Attentional Sub-Processes Involved with Emotional Eating

Denke, Gregory 18 May 2018 (has links)
Emotional eating behavior is characterized by eating a large amount of calorie dense sweet and/or high fat foods in an attempt to control, cope with, or avoid negative emotions. Numerous factors are likely to contribute to emotional eating behavior, including attentional factors, such as rumination and avoidance coping. Rumination based emotional eating (attention focused on negative stimuli while mindlessly eating) is often utilized to improve mood while dwelling on problems. However, for those inclined to escape/avoid troublesome thoughts, another type of emotional-eating pattern may be used. By focusing attention on food, emotional eating is believed to distract individuals from negative emotions. However, along with avoiding distressing thoughts, a strong attentional focus on food may also lead to diminished attention resources and subsequently the missing of self-preserving thoughts (e.g. dietary restraint or satiety).

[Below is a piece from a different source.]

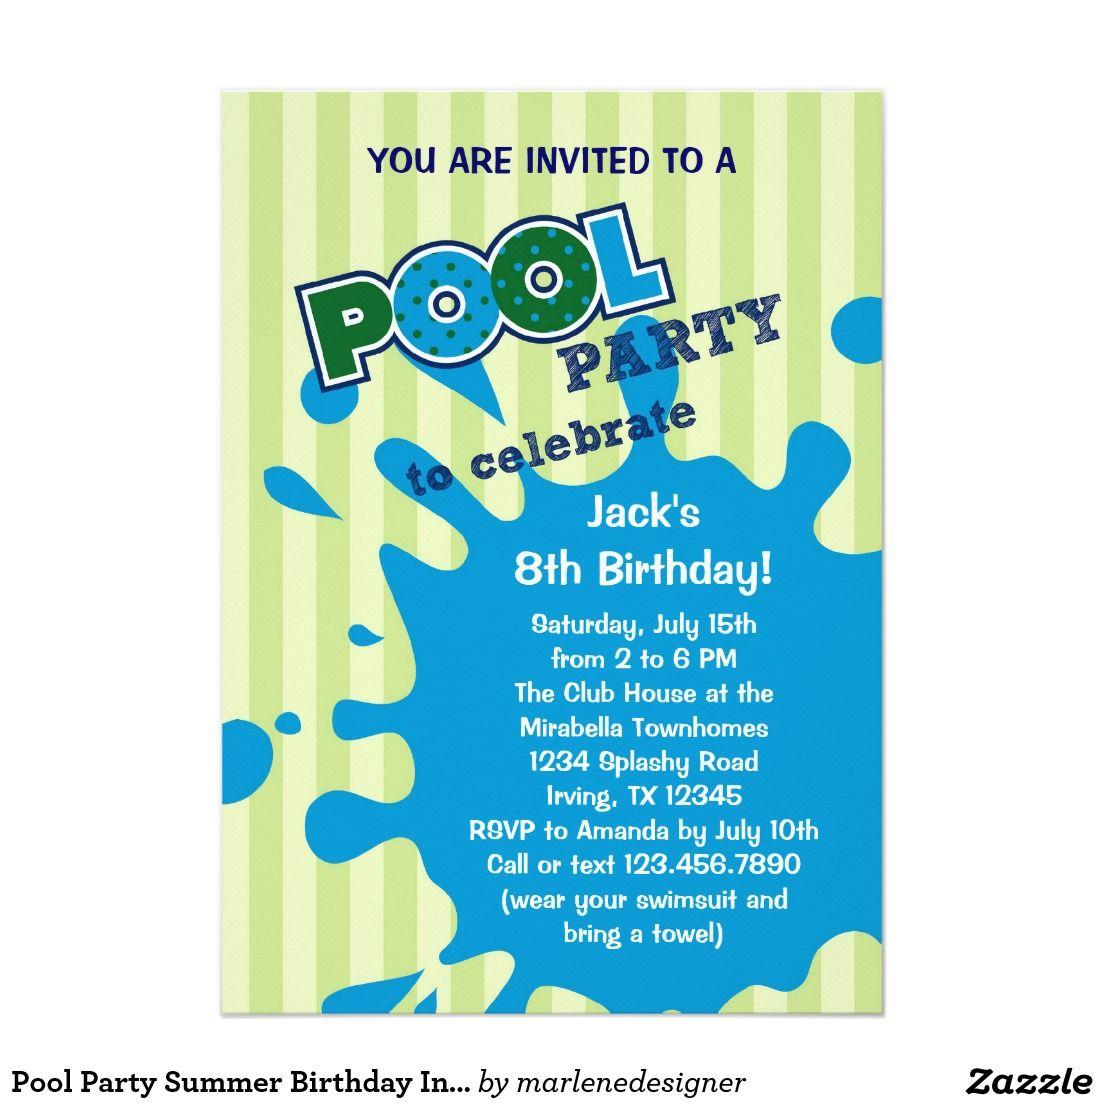 Pool Party Summer Birthday Invitation Zazzle Com Party Invite Template Pool Party Invitation Template Pool Party Invitations

While Denke & Lamm (2015) explored neural mechanisms underlying rumination based emotional eating, to the best of our knowledge, no one has investigated the neural correlates underlying avoidance based emotional eating. This study examined how attentional sub-processes contribute to emotional eating behavior among female participants in a task designed to explore escape type emotional-eating behavior. Dense-array EEG and a version of the canonical attentional blink task were used to ascertain the neural correlates underlying the attentional sub-processes and how attentional activation differs for emotional eaters vs. non-emotional eaters. Findings do not support the food fixation escape type emotional-eater hypothesis, but do indicate task validity.